As an editorialist, I have focused primarily on the political dimensions of Monicagate. But as the son of a religious family, I have been personally preoccupied with the moral arguments--particularly those presented by modern day virtuecrats such as William Bennett. To fill you in on the lineage, Mr. Tell, my great-grandfather was a circuit preacher and starter of churches in 18th-century Virginia. My grandmother married a preacher and worked as an evangelist right up to the time of her death 15 years ago. My mother ministers to the troubled to this very day. (Her calling card depicts a pair of hands in prayer.) Scratch this editorial writer and you find a preacher below the skin.
The preacher in me is appalled by Mr. Bennett's attempt to marshal religious argument for political purposes--and especially by his claim that Americans who forgive Bill Clinton are violating biblical law (e.g., p. 119: "We violate God's canons when we invoke forgiveness casually, trivially, promiscuously"). But forgiveness is the cornerstone of New Testament morality. In Matthew 18, Jesus orders Peter to forgive those who sin against him "seventy times seven"--or 490 times. In Luke 17, the faithful are told to forgive a sinner who repents--even though he trespasses "seven times in a day." There is no such thing as "promiscuous" forgiveness in the New Testament world.

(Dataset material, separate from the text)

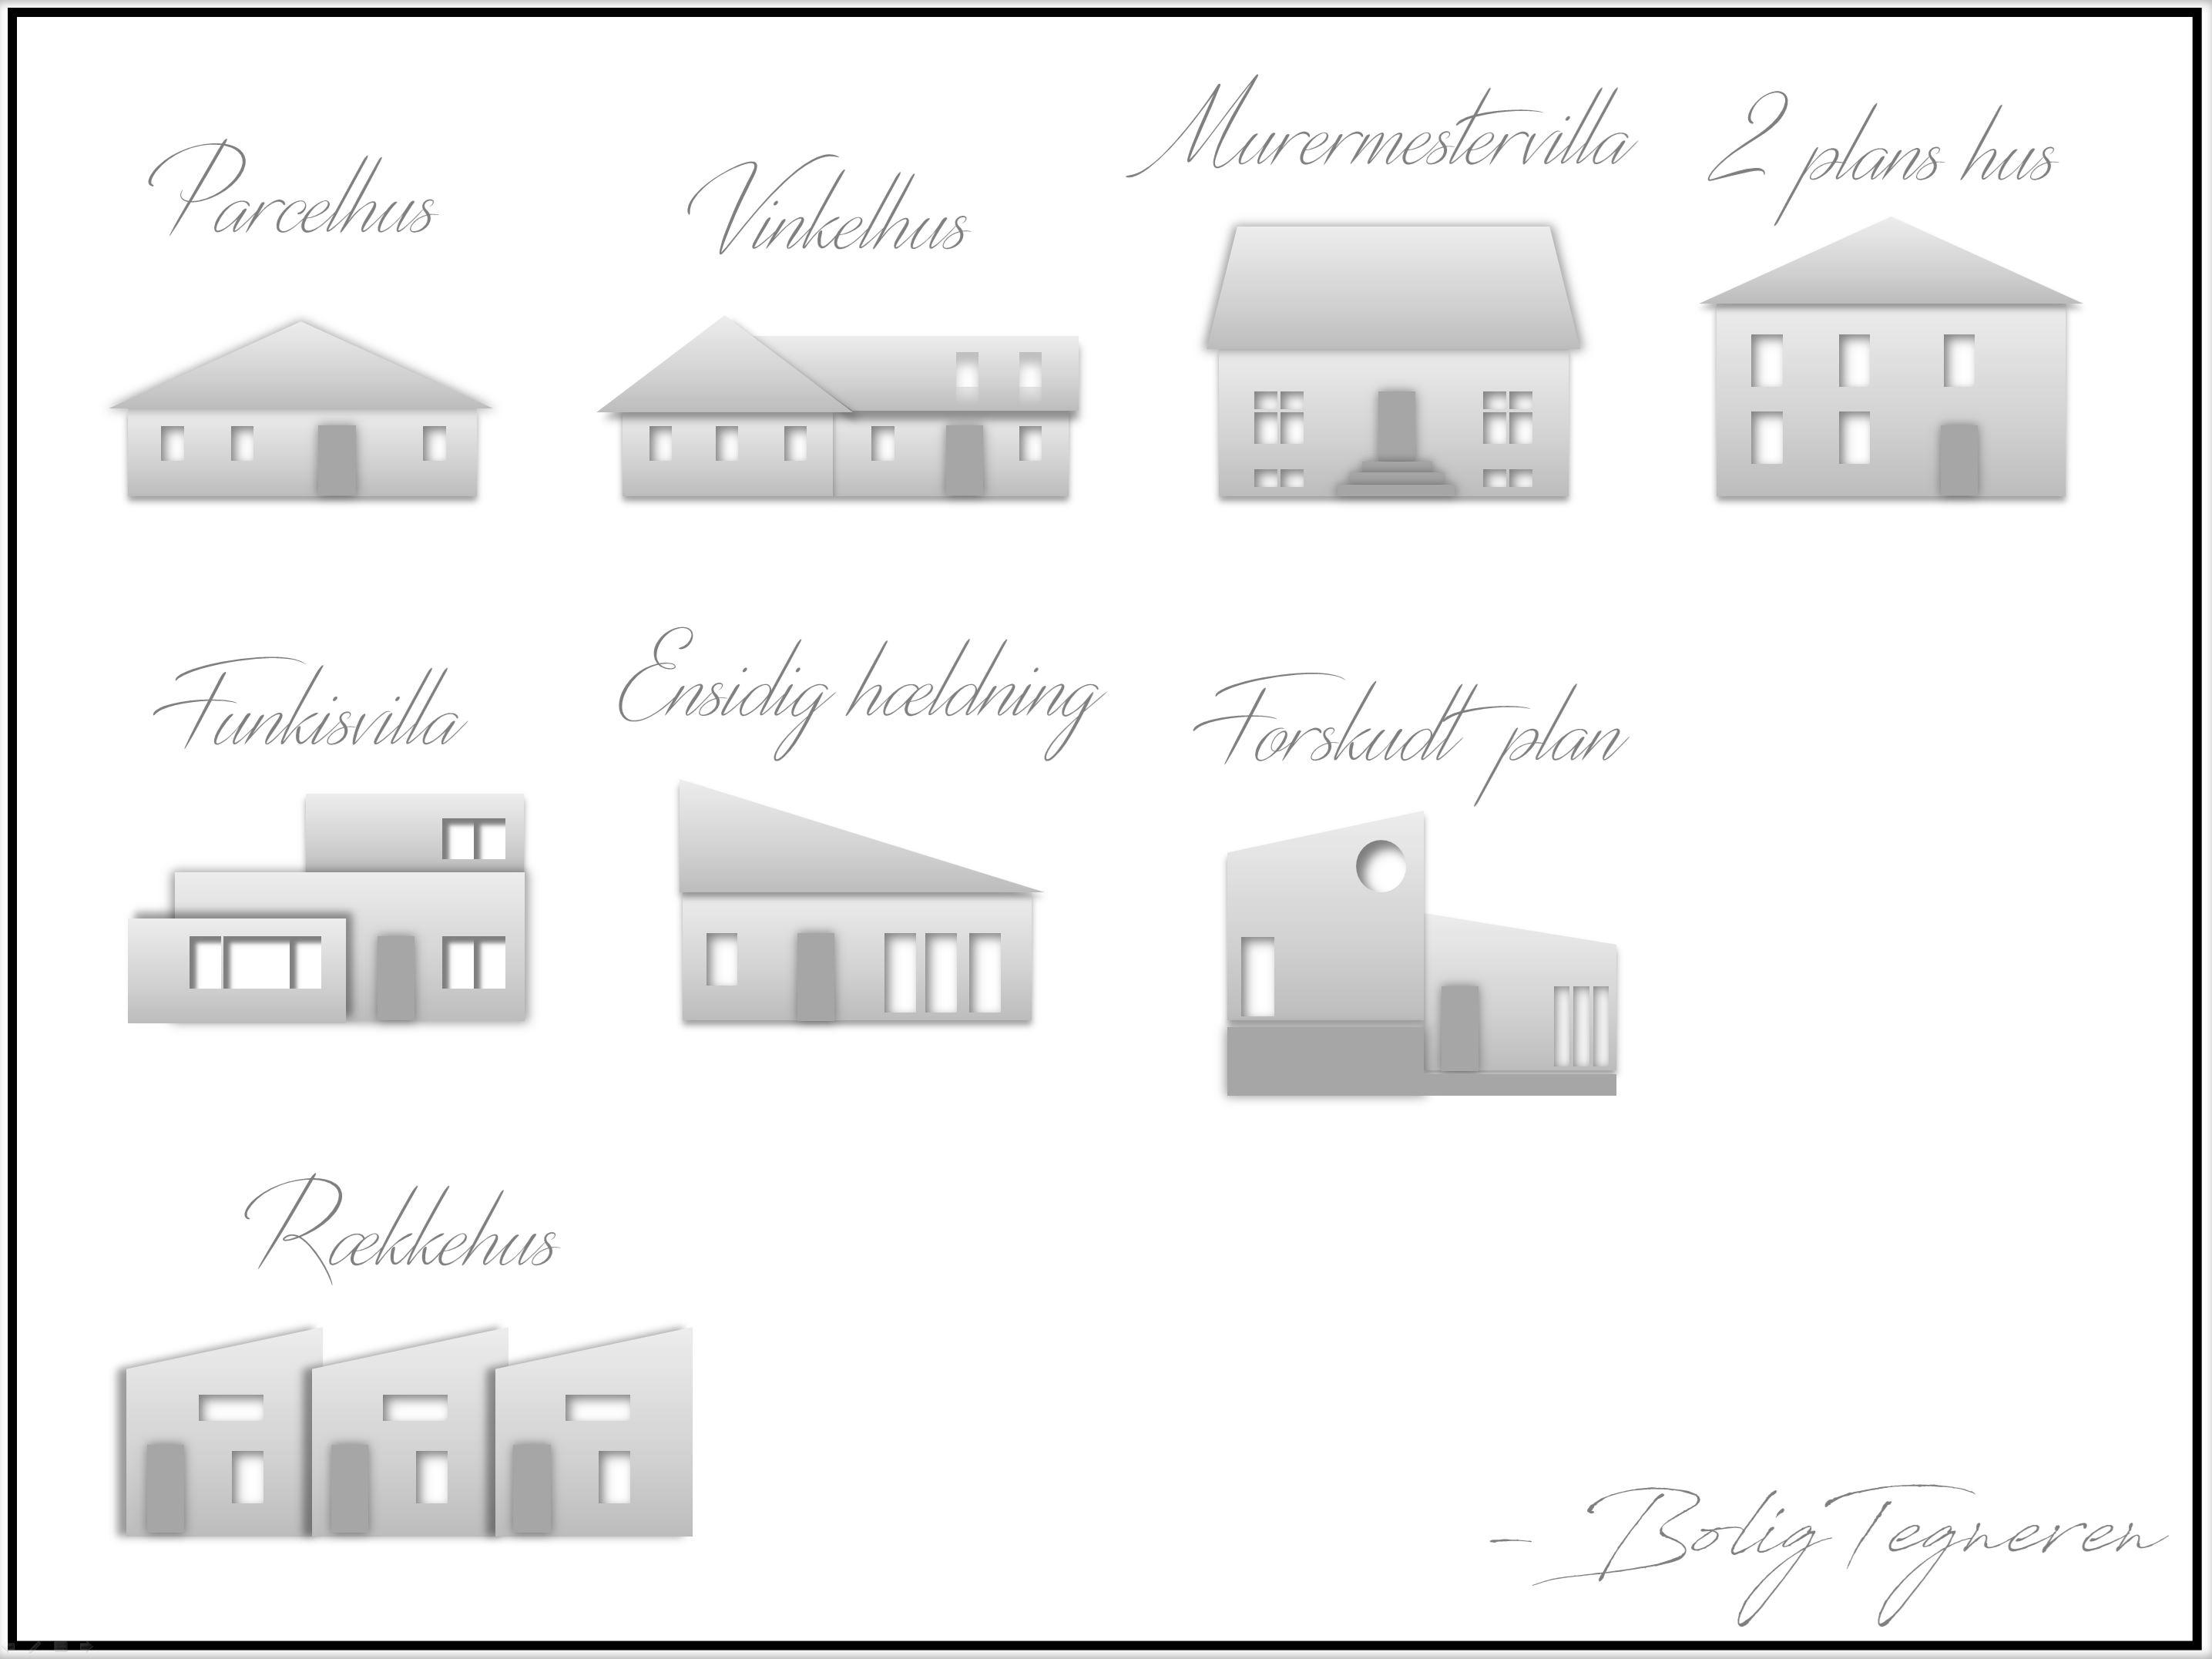 Hustyper parcelhus vinkelhus murermestervilla 2 plan funkisvilla rækkehus forskudt ensidig

Mr. Bennett seems to advocate an Old Testament approach, in which sinners are stoned to death in the town square. But Americans have for the most part rejected that. We only elected Clinton in the first place because Republicans scared us into it with the Holy War convention in Houston in '92. The crucial vote came from reformed pot smokers in the suburbs who were angered by speeches naming them national evil number one. Moralize to us, the voters said, and we will elect a philandering, pot smoking, draft dodging saxophone player--just because we can. By suggesting a return to jihad politics, Mr. Bennett is leading his Republicans to the slaughter.

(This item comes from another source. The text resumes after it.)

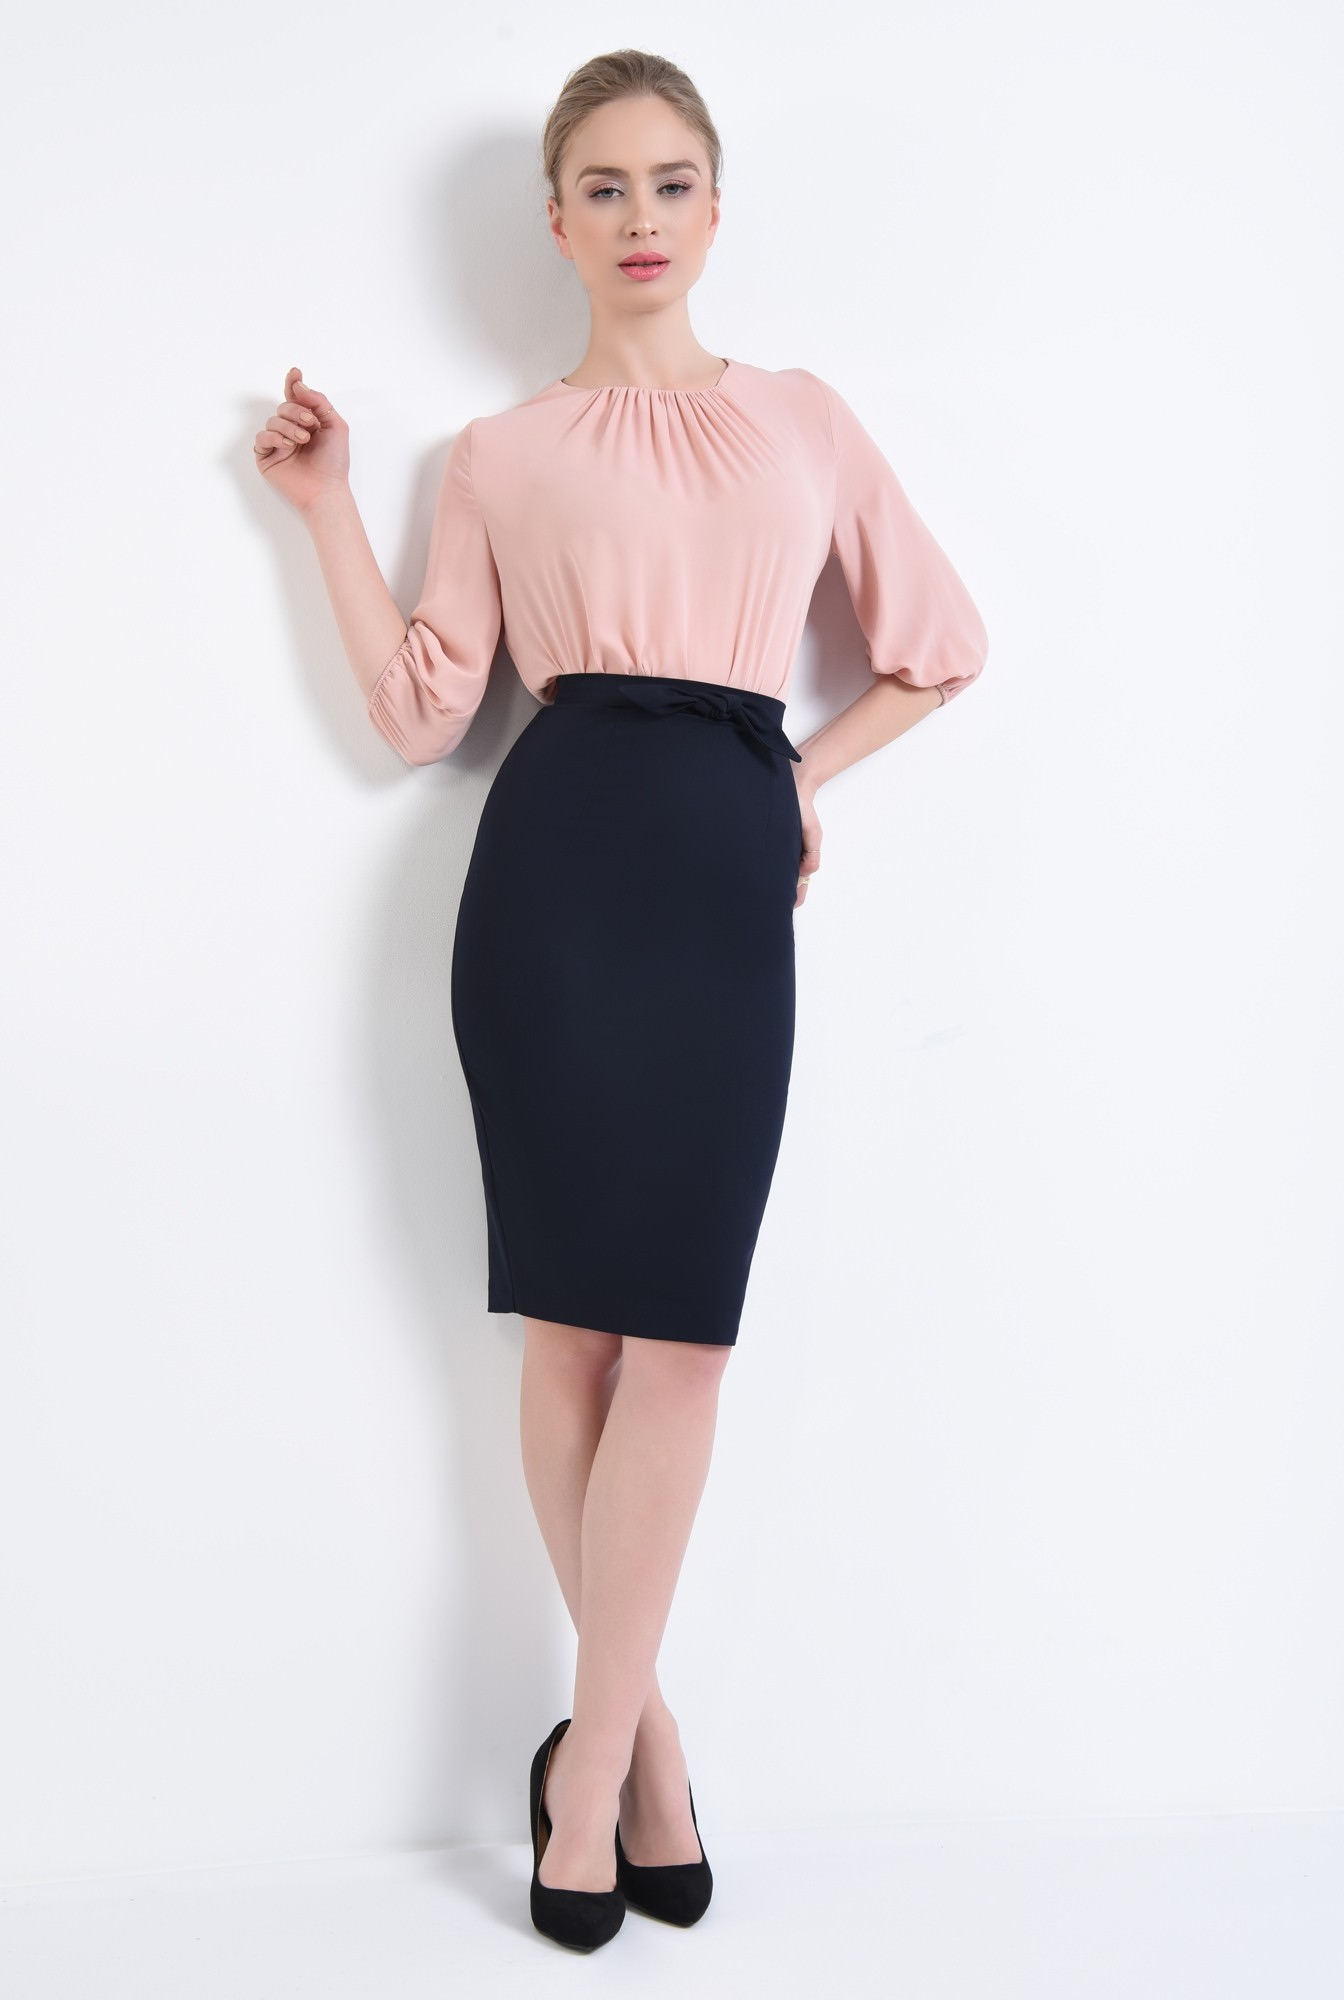 3 - Bluza casual, roz, pliseuri

No one is beyond the range of biblical grace. But Bill Clinton has indeed tested the limits of political grace. It is especially distressing to see the Congressional Black Caucus fawning over him, when he has exploited race for political gain--and gotten his black cabinet members either indicted or nearly so. But Mr. Bennett's claim that Clinton's personal conduct amounts "to an assault on American ideals" is duplicitous and philosophically naïve. Ideals--like Plato's Good--exist above and apart from grimy, empirical reality. The merely real never intersects the ideal. Americans have grasped this well in Monicagate. Hence the polls showing that voters tend to approve of Clinton's job as president--but do not want their children to be like him. He's not our guiding moral light, the people say; he is just the guy driving the bus.